Monday, June 09, 2008

Recycling in Princeton District Schools--An Update


The schoolyear-long effort to get recycling going again in district schools can finally claim some success. Some schools, like Riverside and LittleBrook Elementary, quickly embraced recycling last fall and made it a part of everyday activity, as students learned to take recyclables to a centrally located bin that is then rolled out to the loading dock by the custodians. Recycle bins, paired with trash cans, are even showing up at special events like school picnics. In other schools, the throwaway culture has been harder to change, but persistent prompting has had an effect.

It can now be said that all schools are recycling. There are still incidents of contamination (e.g. eight big, thick plastic trash bags in a bin at the high school meant for bottles and cans), but both quantity and quality have continued to grow at the high school and Community Park Elementary--two schools that were having difficulty getting recycling going. The middle school had a dip in participation, but then rebounded.

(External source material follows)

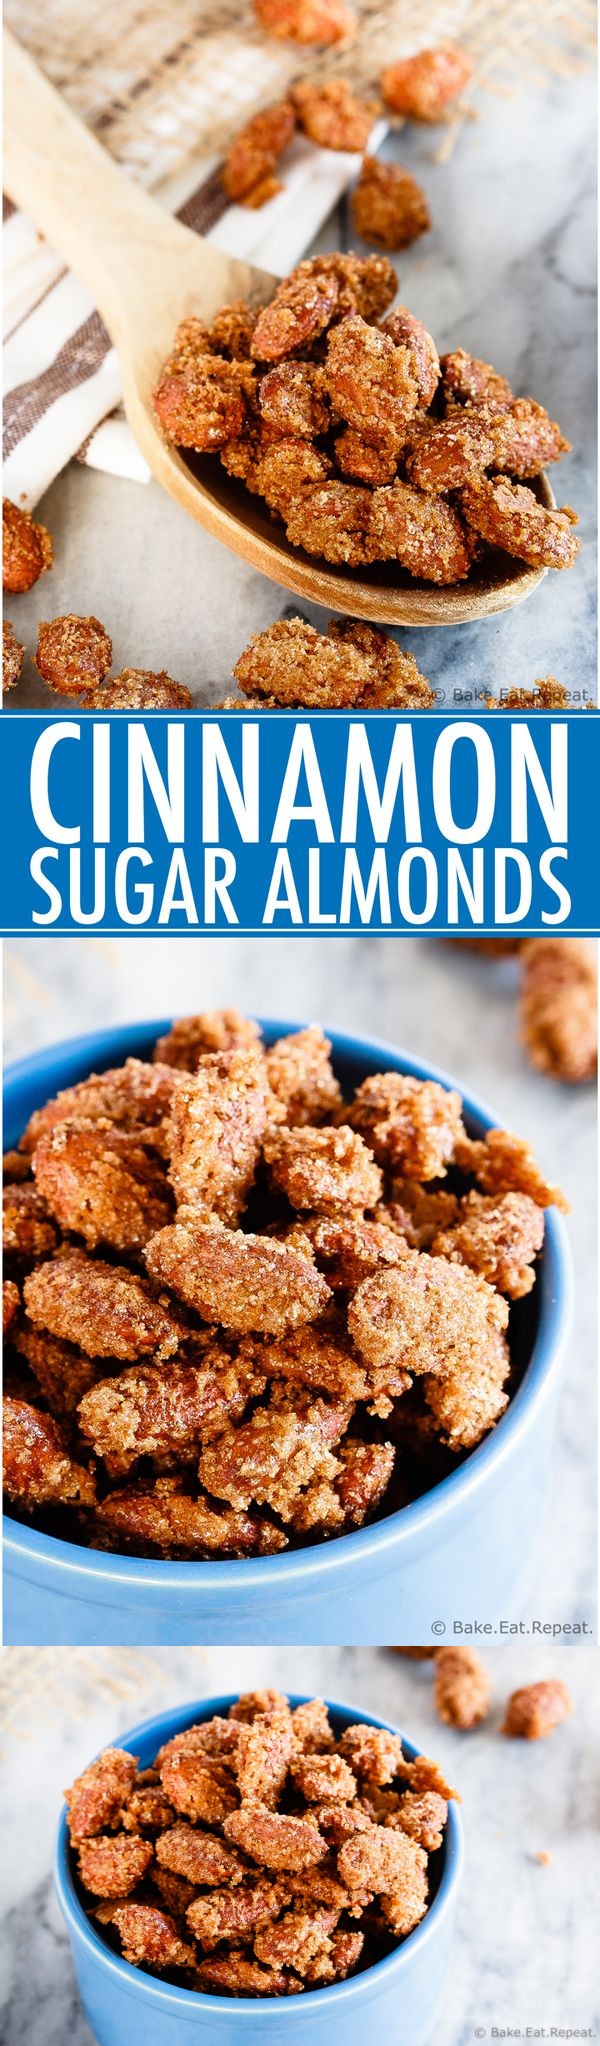 Cinnamon Sugar Almonds

A truck driver who picks up recyclables echoed my observations, and also suggested there are ways that the district schools could save a lot of money on waste disposal if they chose to, with consistent recycling being one of those means. One estimate I heard from the NJ Dept. of Environmental Protection is that a school district the size of Princeton's could save $10,000/year through comprehensive recycling.

We can celebrate the progress, while recognizing that there is still nothing built into the school system's modus operandi to insure that recycling will not backslide. No one in-house is checking the bins to monitor participation and quality. It is all too easy to imagine recycling falling apart without anyone in the administration or in building management knowing. The schools could easily return to the situation nine months ago, when some administrators thought schools were recycling when in fact they were not.

Still, the movement is very much in the right direction. Teachers and students and some custodians have shown strong interest and made the effort. If the school district as a whole sees it as in its fiscal and educational interest to make recycling a higher priority, the gains of the past year can be built upon.